Pour l’élevage, c’est le casse-tête (lire également ci-dessous). “Nous avons apporté les dossiers des éleveurs de basse Cerdagne qui prouvent les dysfonctionnements des systèmes de mesures utilisés par les assurances. Marc Fesneau nous a écoutés et nous avons demandé à avoir des explications précises sur les méthodes employées et de ne pas attendre la fin de la saison, c’est-à-dire la jauge de novembre qui sera connue en décembre pour faire une évaluation précise.”

Décapitalisation

Le ministre a aussi été alerté sur le risque systémique d’une éventuelle décapitalisation qui ferait passer les éleveurs sous les limites de charges à l’hectare qui les rendent éligibles à la PAC. “Il n’est pas possible de déroger à l’échelle du département, mais Marc Fesneau nous a précisé que cela serait traité au cas par cas par la Direction départementale des territoires et de la mer.”
Tout comme fut évoquée la question de l’aide au transport du fourrage cet hiver. Si la Région est prête à mettre 300 000 euros sur la table, les besoins sont estimés à 2 M € pour les éleveurs du département. Enfin, la délégation a eu confirmation de la mise en place et du débarquement imminent de la mission interministérielle annoncée pour avancer sur les dossiers structurels cruciaux liés à la question de l’eau pour le département : la fragilité des ASA, le stockage de l’eau, la réutilisation des eaux de stations, le maillage, la recharge des nappes…


Assurances : cette jauge qui déjauge

Les éleveurs de Basse-Cerdagne ont saisi le médiateur des assurances.
S’il y a bien un truc pour se prendre la tête, la situation des éleveurs de basse Cerdagne rentre clairement dans cette catégorie. Une délégation de la trentaine d’éleveurs concernés s’est rendue au Crédit Agricole d’Ur la semaine passée pour plaider, une fois de plus, l’absurdité du système. Avec une jauge qui sert d’étalon aux assureurs capable de voir que l’herbe a poussé en basse Cerdagne alors que l’étude de la Chambre d’agriculture, sur le terrain, montre des pertes de récolte de fourrages de l’ordre de 80 %. Comment est-ce possible ? “Parce que le système n’est pas assez précis” ont expliqué les éleveurs, Christian Tallant, Bruno Marty et Bruno Majoral en tête. Ils ont ensuite pointé du doigt les incohérences… La première, c’est que la fameuse jauge de pousse de l’herbe est la même pour Sainte-Léocadie, là où les pertes atteignent 80 %, et Latour de Carol où la majeure partie des prairies est à l’irrigation. La deuxième, c’est que Groupama et Pacifica n’ont pas les mêmes analyses alors qu’ils utilisent les mêmes outils, les données Airbus… À force de réfléchir pour comprendre le pourquoi du comment, plusieurs hypothèses émergent.

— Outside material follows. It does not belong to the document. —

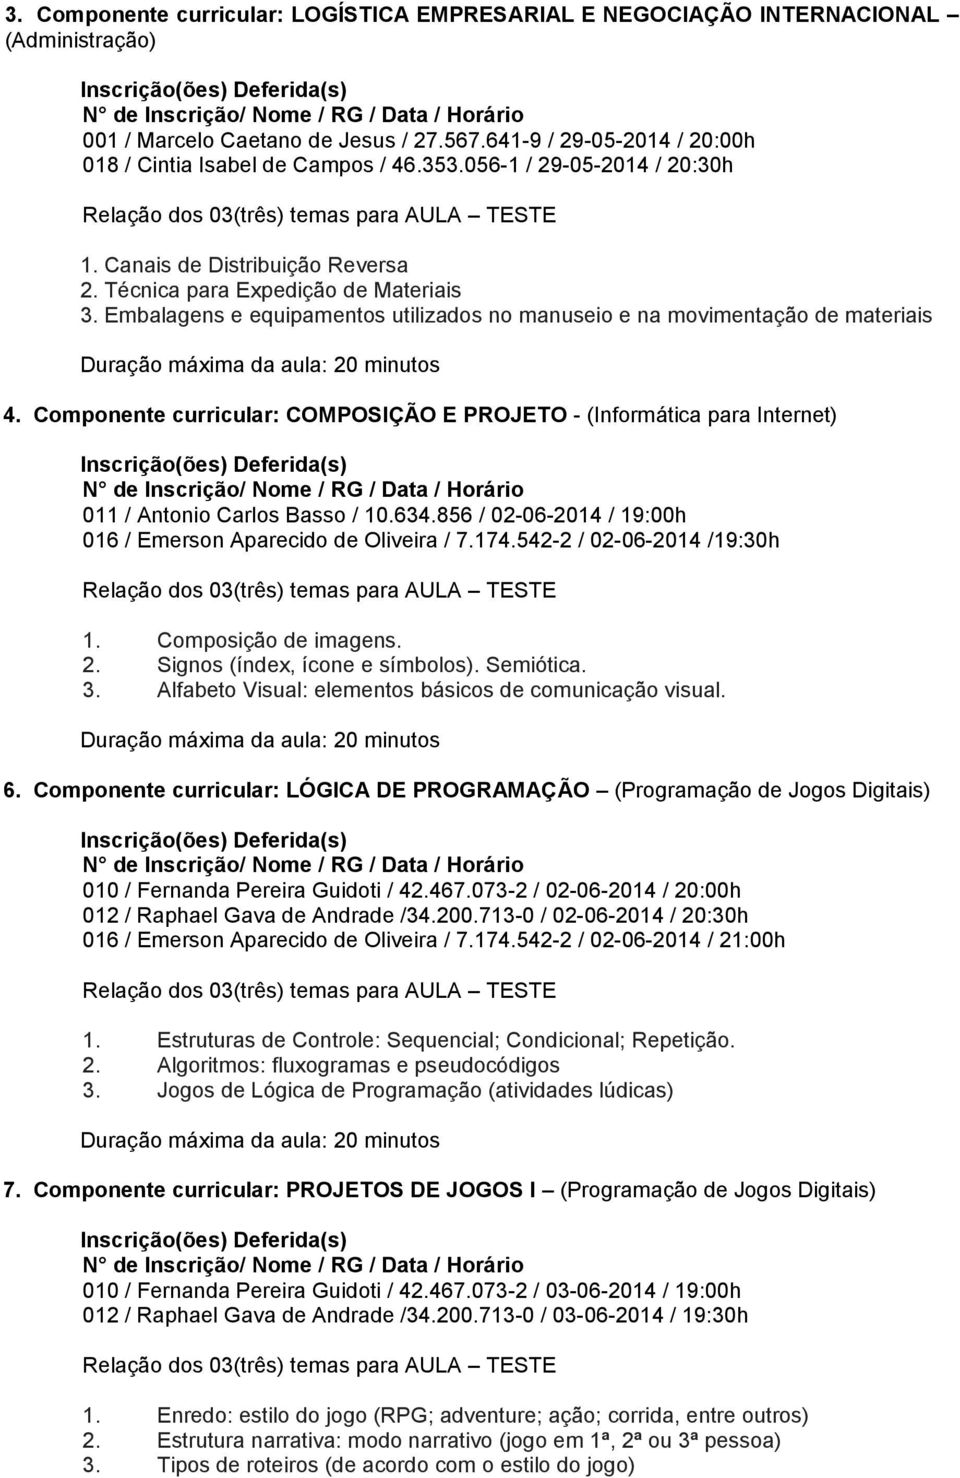 Componente curricular: COMPOSIÇÃO E PROJETO - (Informática para Internet) 011 / Antonio Carlos Basso / 10.634.856 / 02-06-2014 / 19:00h 016 / Emerson Aparecido de Oliveira / 7.174.

La prise en compte de la pousse de l’herbe sur la base de petites régions au lieu de la commune qui pourrait grandement fausser les résultats en mixant des zones où l’herbe a poussé et d’autres où elle est restée au ras des pâquerettes. La prise en compte des surfaces d’estives, où l’herbe a poussé, contrairement au plateau cerdan, pourrait aussi venir modifier les données. “Comment est-ce possible alors que nous avons signé des contrats à la commune” demandait Christian Tallant ?

Décapitalisation

Derrière, c’est un peu le jeu de la patate chaude. Les assureurs renvoient aux règles et au cahier des charges élaboré par l’État pour la réforme de l’assurance. L’État semble considérer que le système, qui fonctionne depuis une dizaine d’années, ne pose pas de problème. Or, Airbus voit de l’herbe là où il n’y en a pas eu… Si la réunion est restée cordiale mais ferme, Christian Tallant résumait la situation : “Les bêtes vont descendre d’estives dans quelques jours et on n’a rien à leur donner à manger, donc il faudra qu’on décapitalise. Si je dois m’en tenir à ce que je peux nourrir cette année, je casse mes 250 vaches pour ne garder que les moutons. Et avec les vaches, c’est aussi la PAC qui s’en va. Vous avez tout intérêt à nous aider à trouver une solution.” Le collectif des éleveurs a officiellement saisi le médiateur des assurances et la question a été abordée à Paris lundi dernier (lire ci-dessus).